The copy you give must match the listing below exactly and contain no pictures.

:: INFORMATION SHOWN ::
---
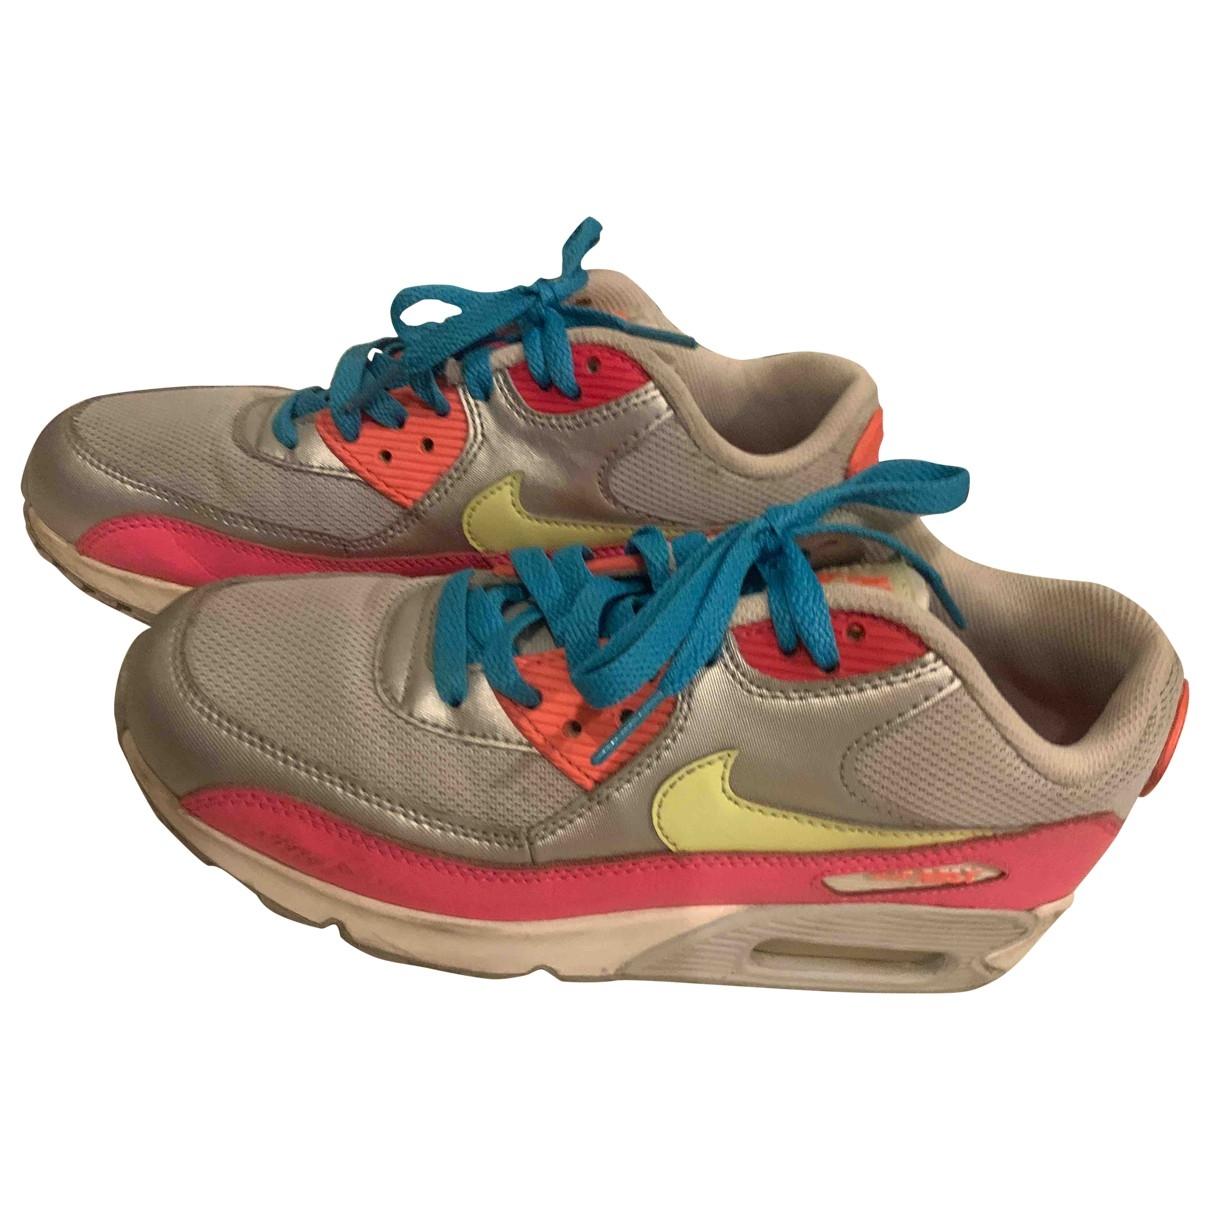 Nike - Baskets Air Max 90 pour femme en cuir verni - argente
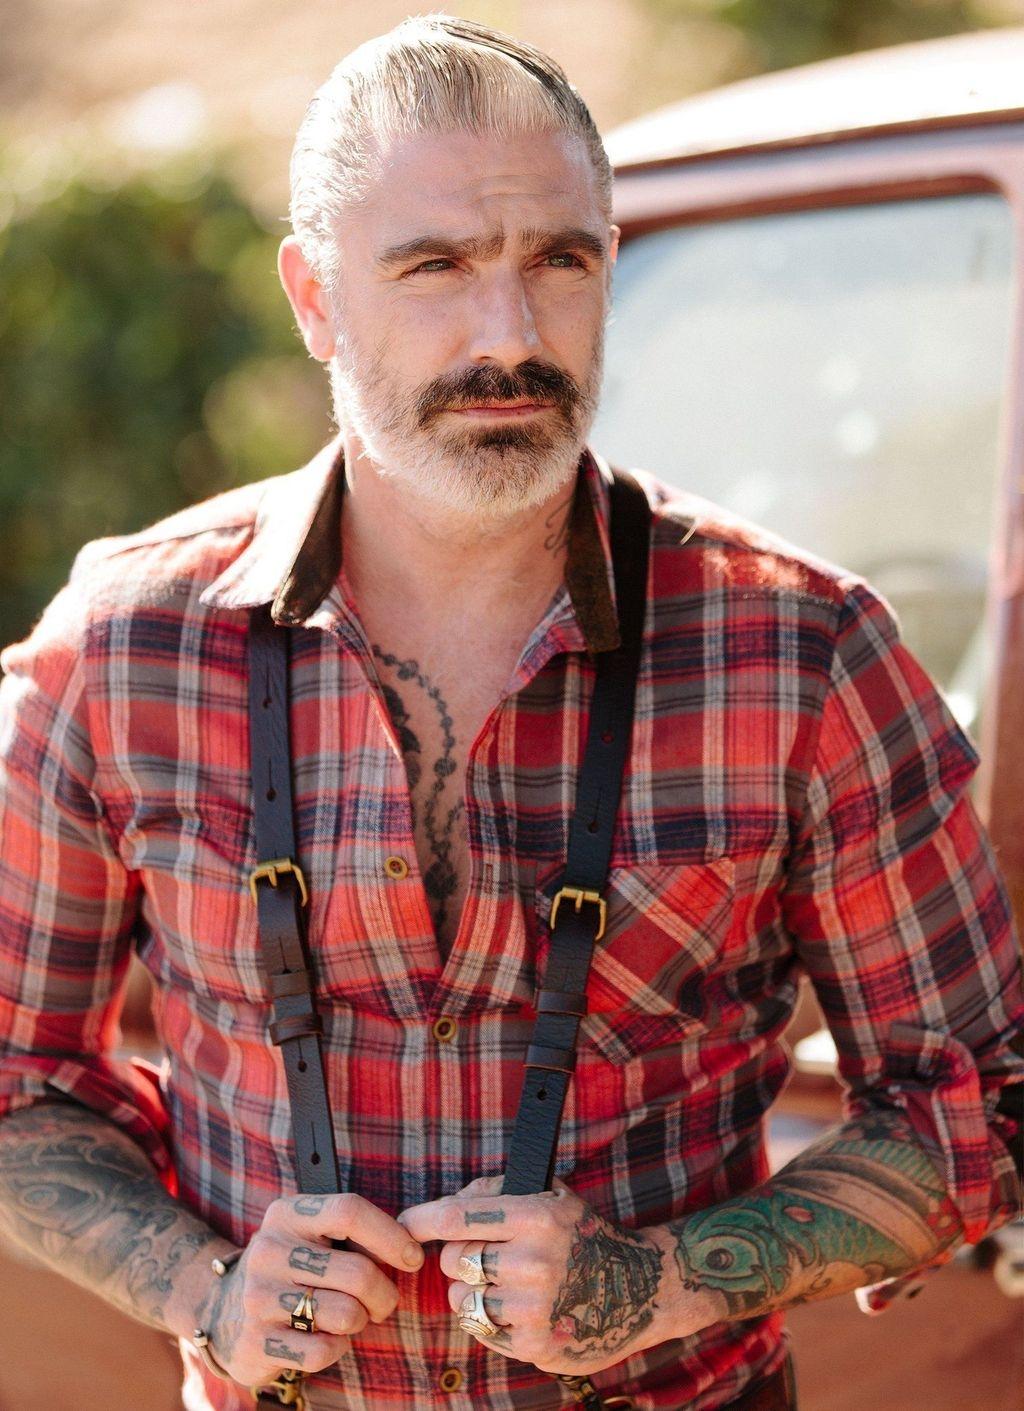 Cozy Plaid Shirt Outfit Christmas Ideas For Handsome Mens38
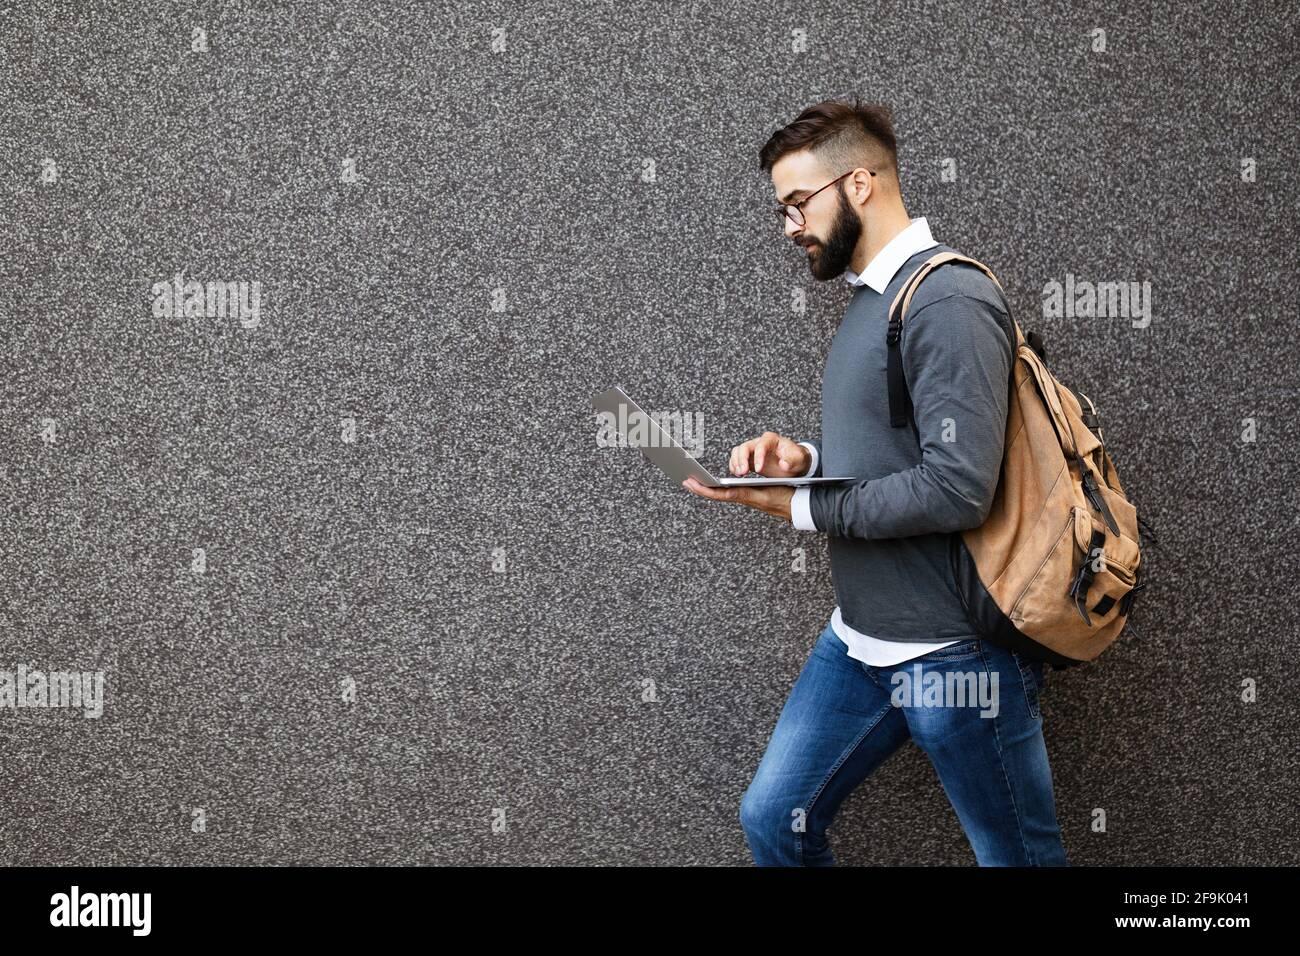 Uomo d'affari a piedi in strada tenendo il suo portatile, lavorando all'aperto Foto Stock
---
:: RESULT ::
 Nike - Baskets Air Max 90 pour femme en cuir verni - argente
 Cozy Plaid Shirt Outfit Christmas Ideas For Handsome Mens38
 Uomo d'affari a piedi in strada tenendo il suo portatile, lavorando all'aperto Foto Stock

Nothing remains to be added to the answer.